REPUBLIC VS JENNIFER CAGANDAHAN
G.R. No. 166676
September 12, 2008
FACTS:
Respondent Cagandahan filed a Petition for Correction of Entries in
Birth Certificate before the RTC. She prayed to have her first name
changed from Jennifer to Jeff and her gender from female to male. She
alleged that is suffering from Congenital Adrenal Hyperplasia which is a
rare medical condition where afflicted persons possess both male and
female characteristics. The lower court decided in her favor but the OSG
appealed before the Supreme Court through a petition for review under
Rule 45 of the Rules of Court raising purely questions of law.

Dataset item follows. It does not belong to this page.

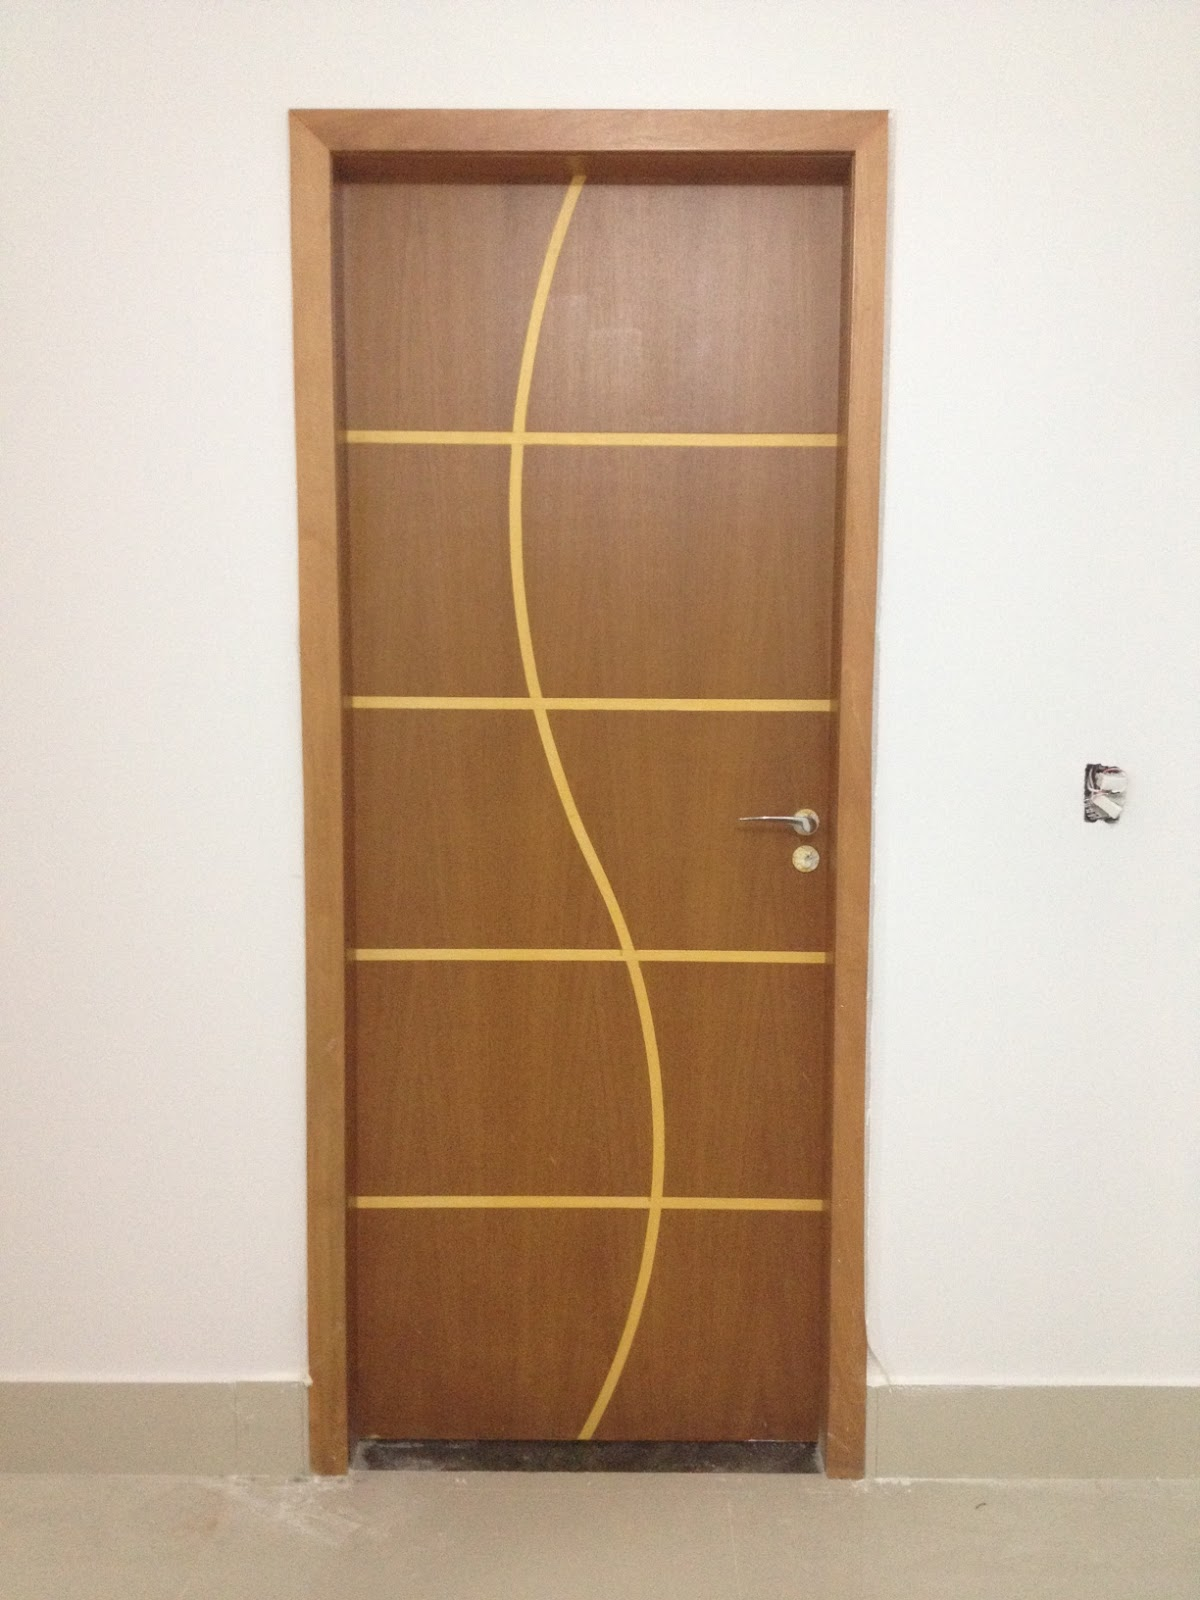 #A87D23 Imagens de 19 modelos de portas externas e internas casa 1040 Portas E Janelas De Aluminio Cor Madeira

The OSG
contends that the petition is fatally defective for non-compliance with
Rules 103 and 108 of the Rules of Court because the said petition did not
implead the local civil registrar.
ISSUES:
WON Cagandahan’s sex, and her first name as appearing in
her birth certificate can be changed.
HELD:
The Court Agrees.
Rule 108 no longer covers clerical or typographical errors. Where
it was amended by Republic Act No. 9048, which amended Article 376
and 412 of the Civil Code, where the correction or change of clerical or
typographical errors can now be made through administrative
proceedings and without the need for a judicial order. Where the person
is biologically or naturally intersex the determining factor in his gender
classification would be what the individual, like respondent, having
reached the age of majority, with good reason thinks of his/her
sex. Respondent here thinks of himself as a male and considering that his
body produces high levels of male hormones (androgen) there is
preponderant biological support for considering him as being male. It is
at maturity that the gender of such persons, like respondent, is
fixed. Furthermore, in the absence of a law on the matter, the Court will
not dictate on respondent concerning a matter so innately private as one's
sexuality and lifestyle preferences. Hence Cagandahan’s sex as
appearing in her birth certificate can be changed. Respondent's change
of name from Jennifer to Jeff implies a change of a feminine name to a
masculine name. This is proper since respondent's change of name
merely recognizes his preferred gender.